------ Material provided ------

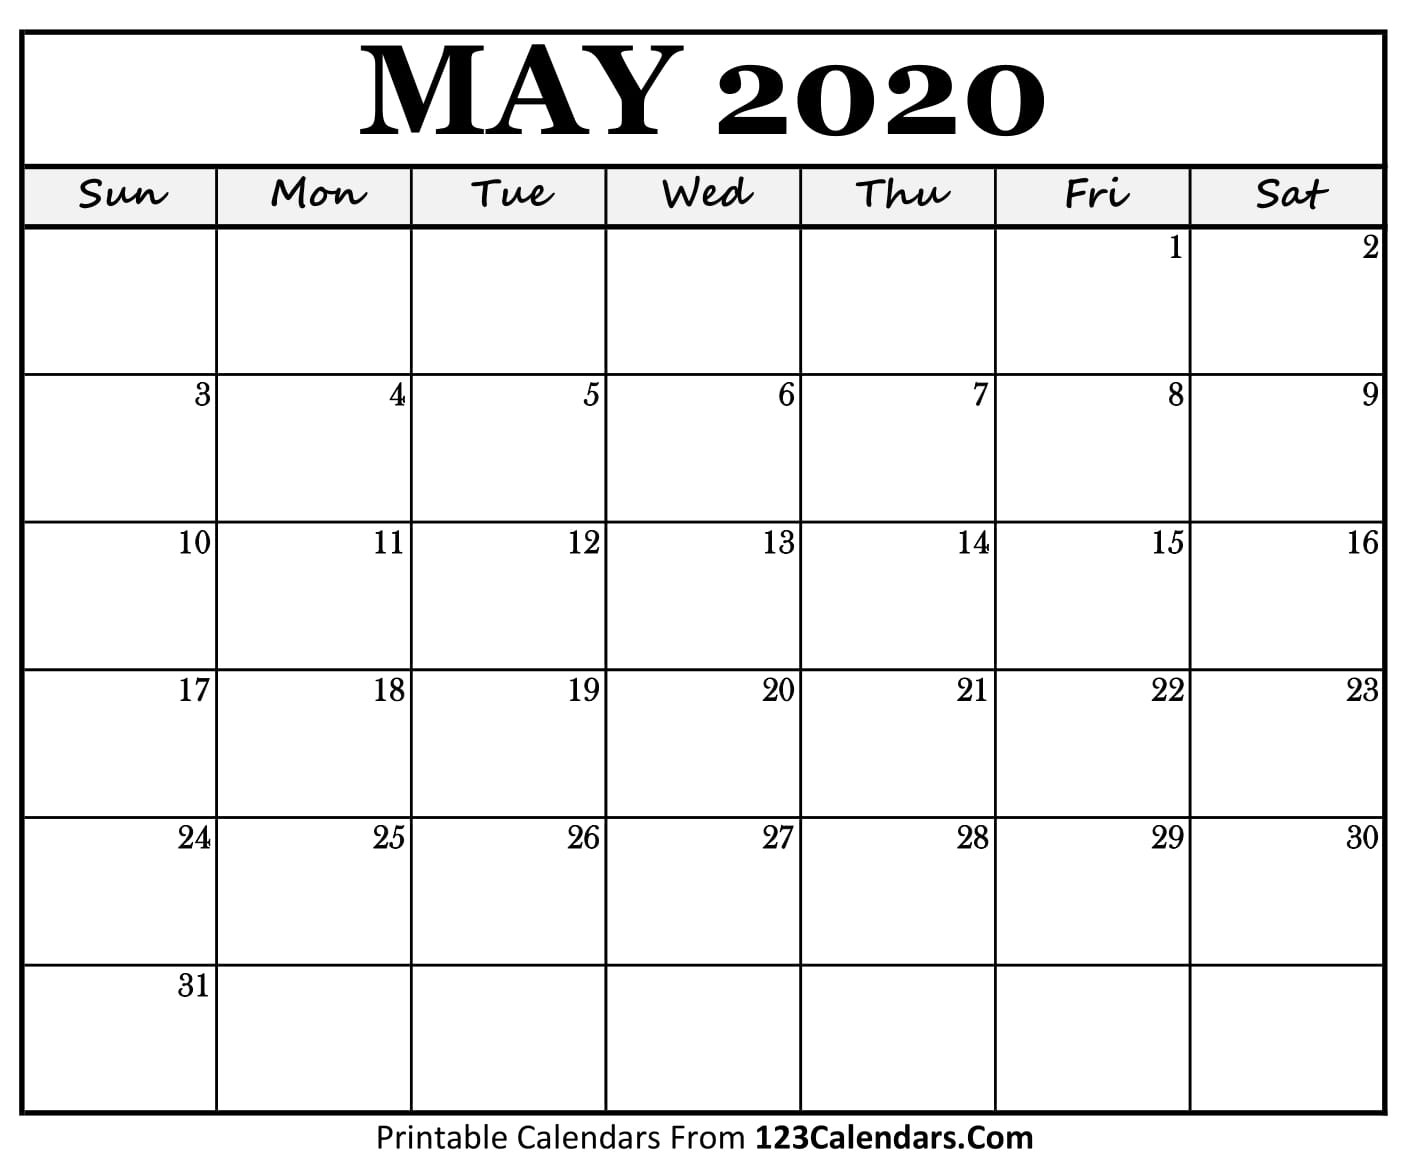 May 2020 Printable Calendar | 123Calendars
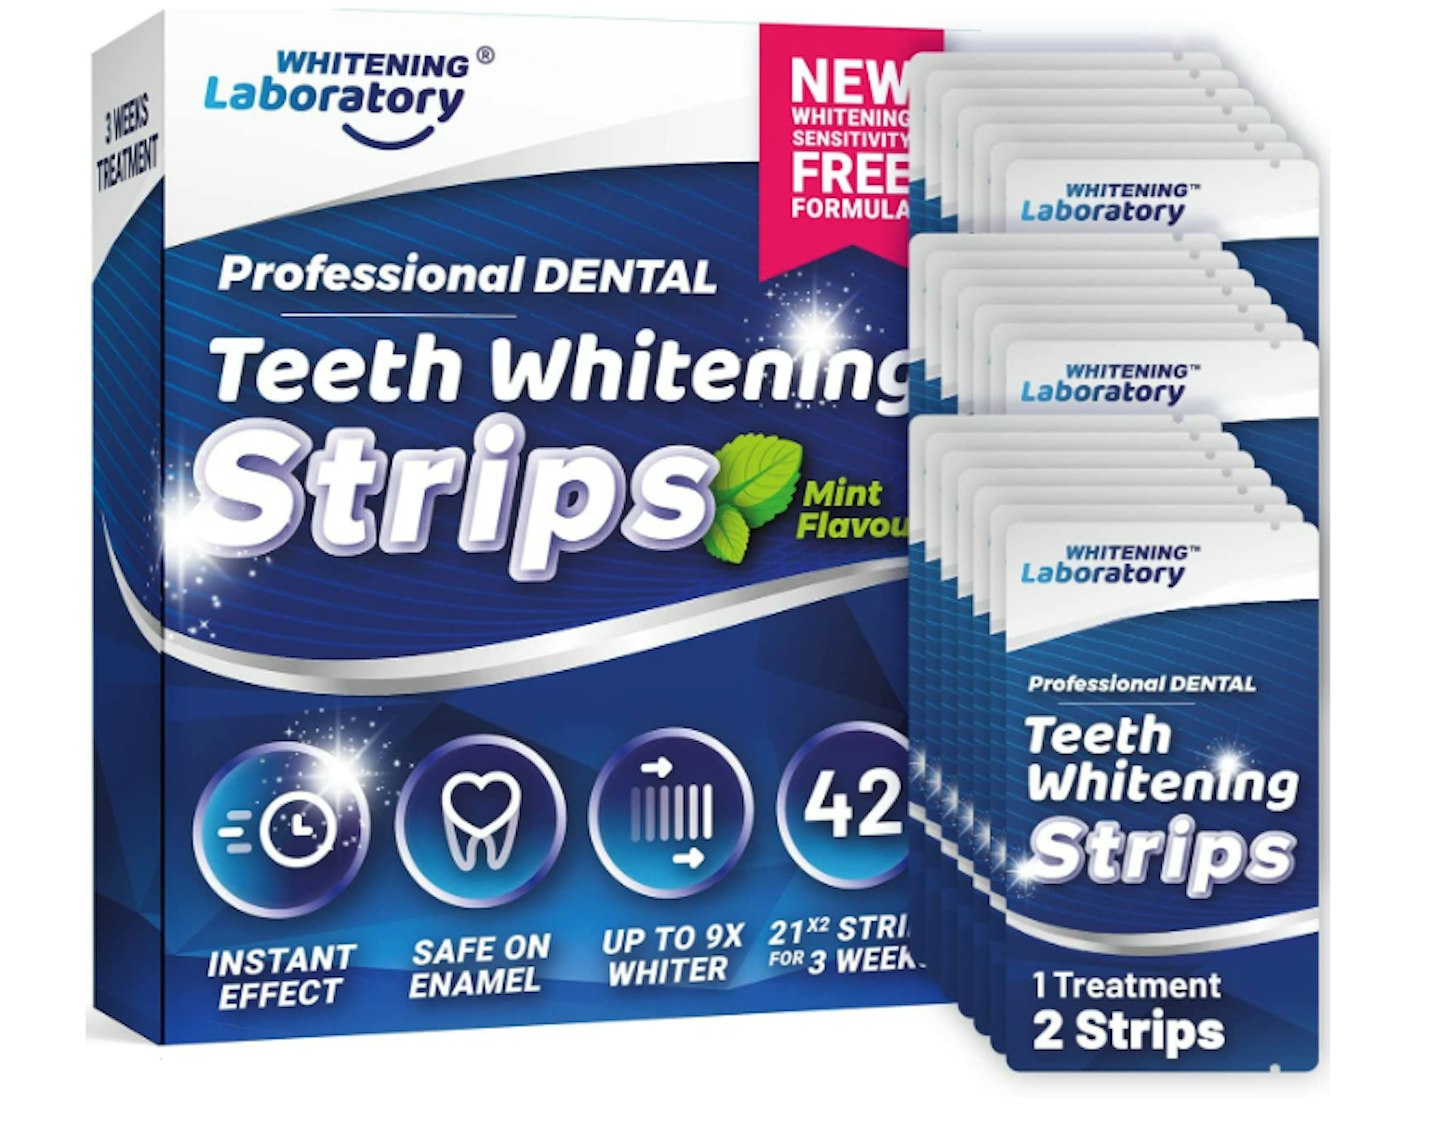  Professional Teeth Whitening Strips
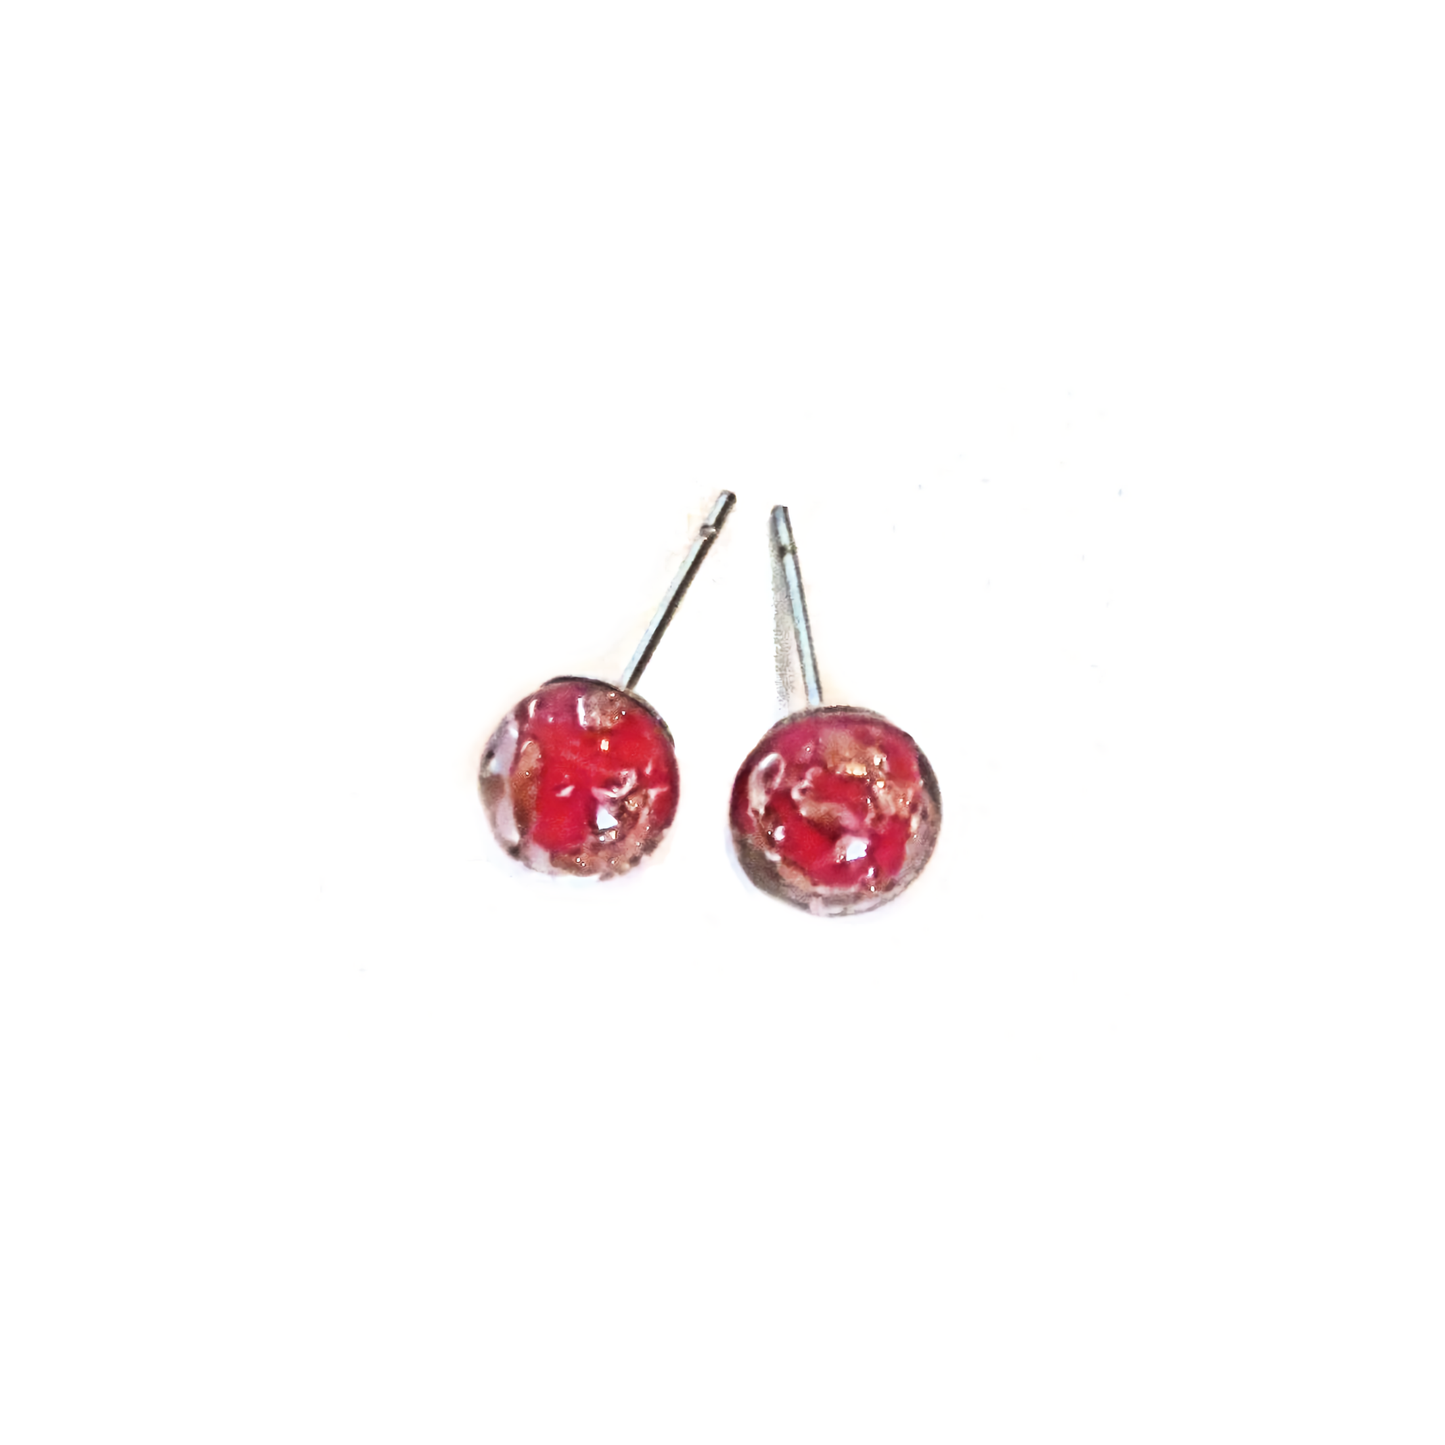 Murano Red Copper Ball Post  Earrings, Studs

------

An exact copy of the material is required, minus the pictures.

» The completed task:
 May 2020 Printable Calendar | 123Calendars
  Professional Teeth Whitening Strips
 Murano Red Copper Ball Post  Earrings, Studs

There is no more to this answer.